### What this task involves
When you copy the material below, keep every line exact and leave each picture out.

### Collected data
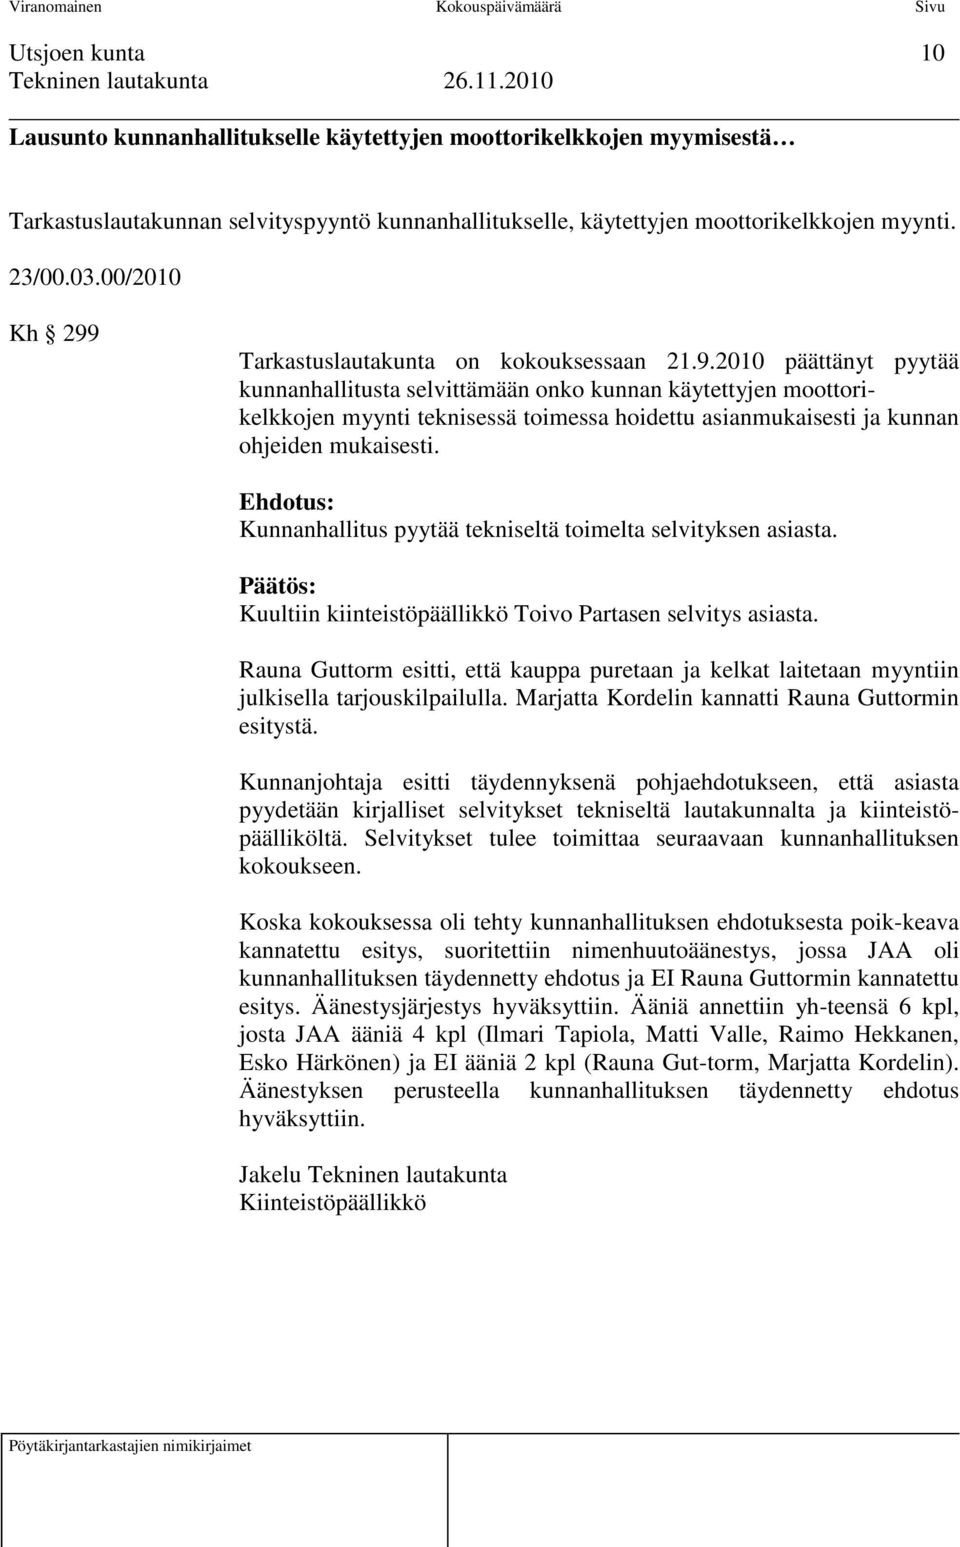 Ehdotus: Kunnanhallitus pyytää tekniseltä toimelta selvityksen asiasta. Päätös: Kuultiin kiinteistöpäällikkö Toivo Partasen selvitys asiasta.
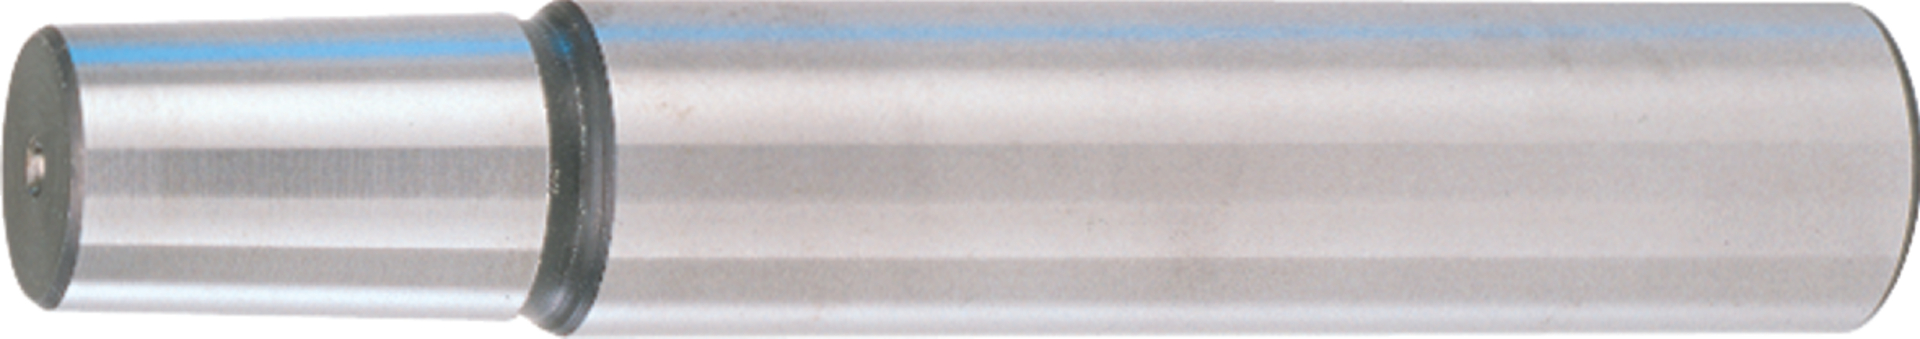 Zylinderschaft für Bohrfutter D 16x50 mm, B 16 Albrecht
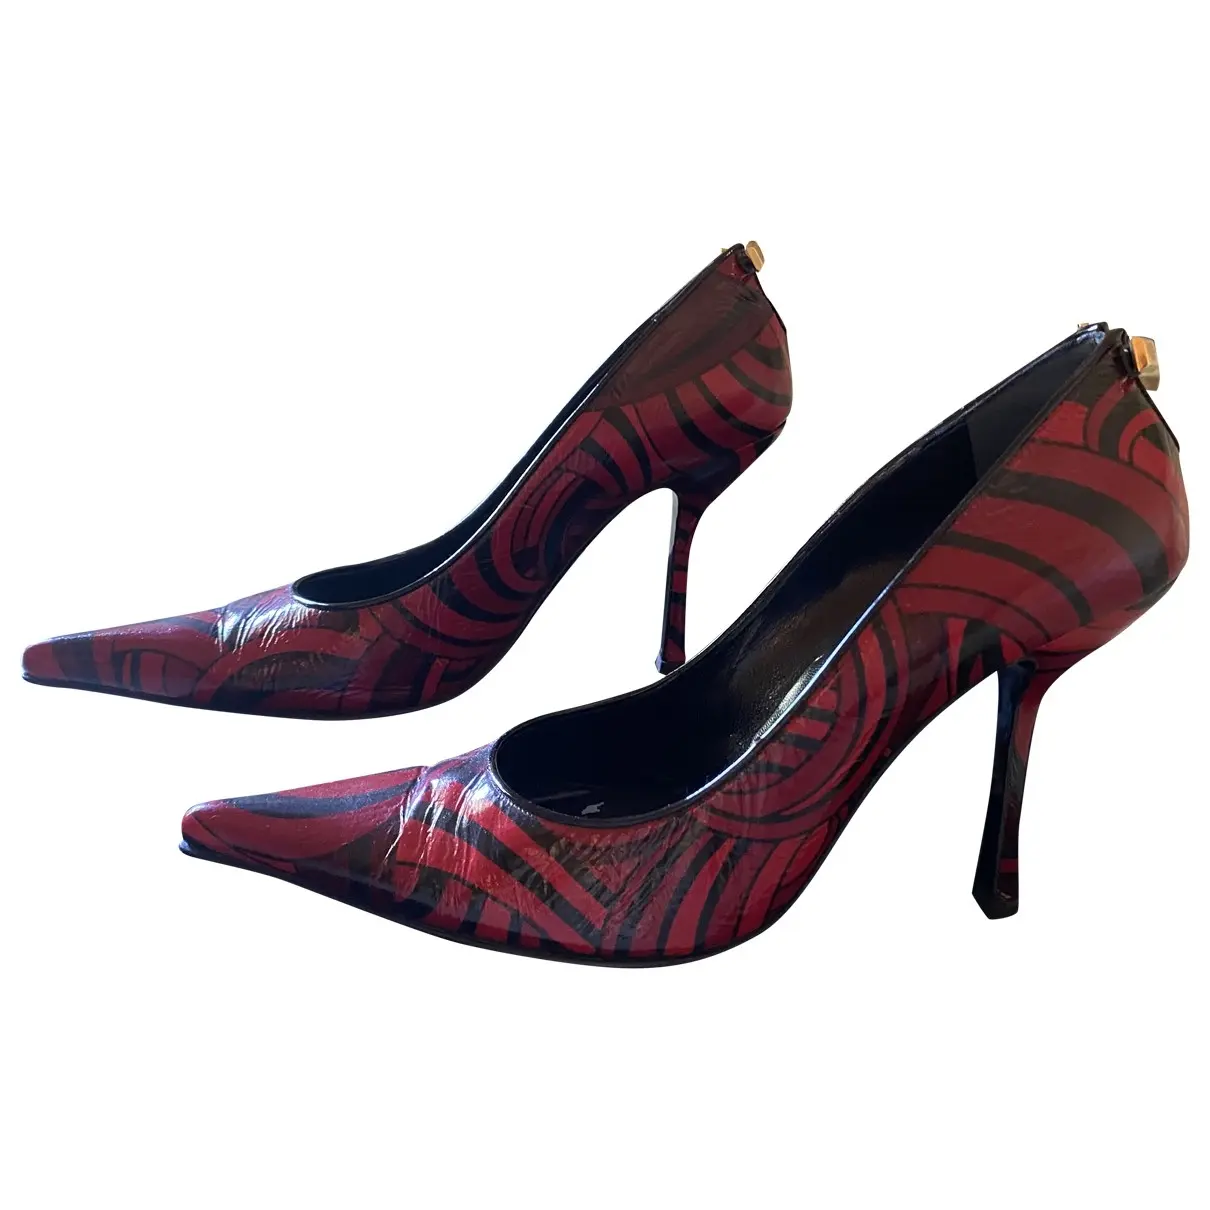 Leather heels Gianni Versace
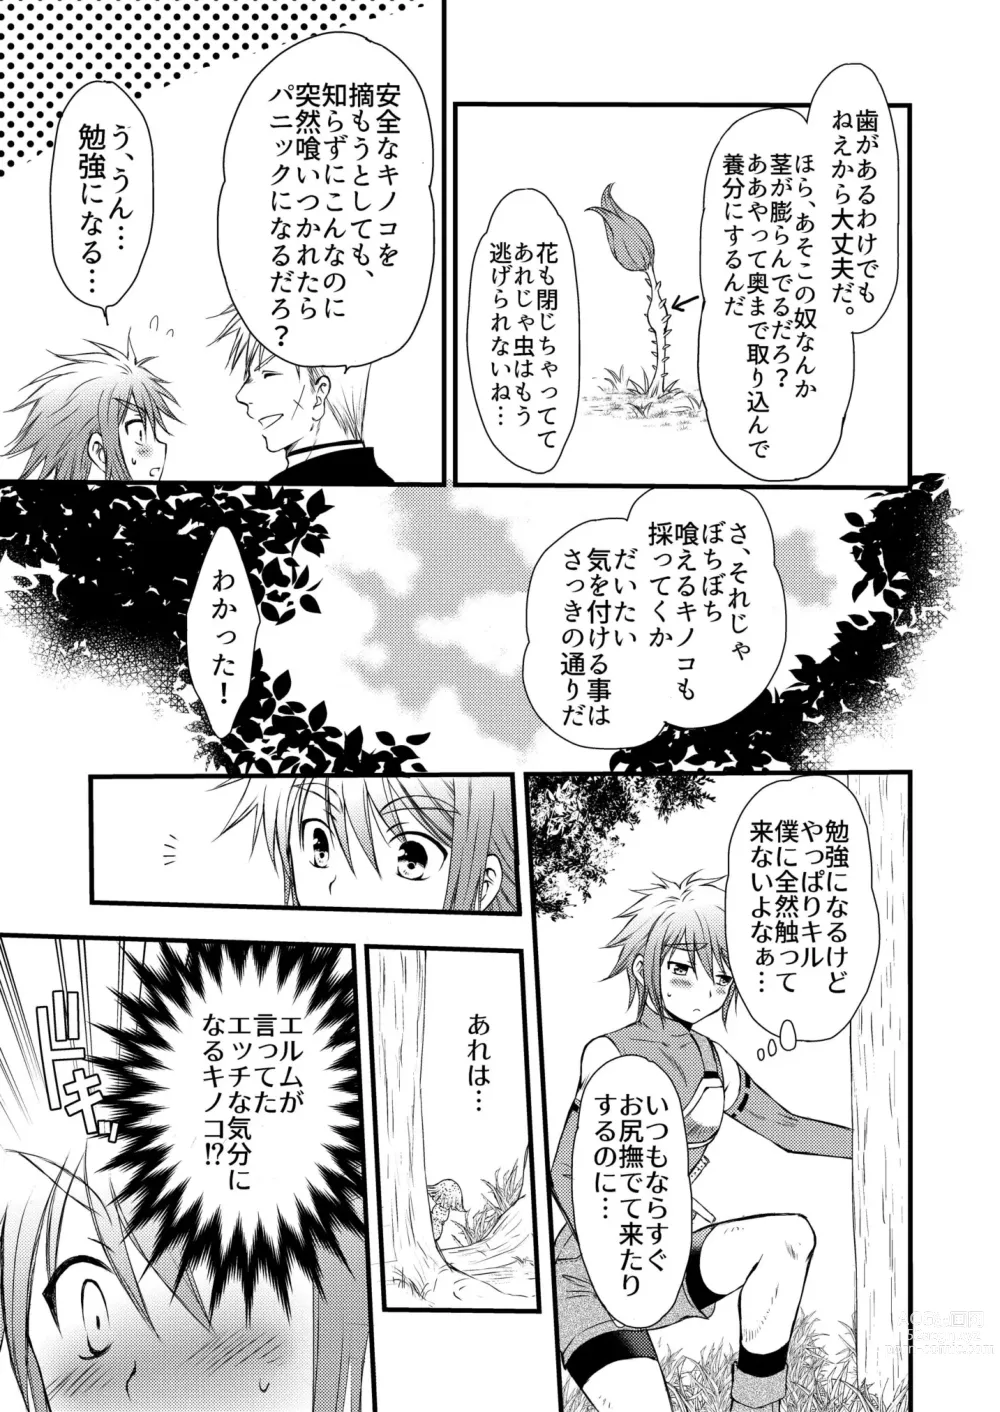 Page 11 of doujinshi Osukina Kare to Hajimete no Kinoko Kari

### Completed exercise
 Ehdotus: Kunnanhallitus pyytää tekniseltä toimelta selvityksen asiasta. Päätös: Kuultiin kiinteistöpäällikkö Toivo Partasen selvitys asiasta.
 Zylinderschaft für Bohrfutter D 16x50 mm, B 16 Albrecht
 Leather heels Gianni Versace
 Page 11 of doujinshi Osukina Kare to Hajimete no Kinoko Kari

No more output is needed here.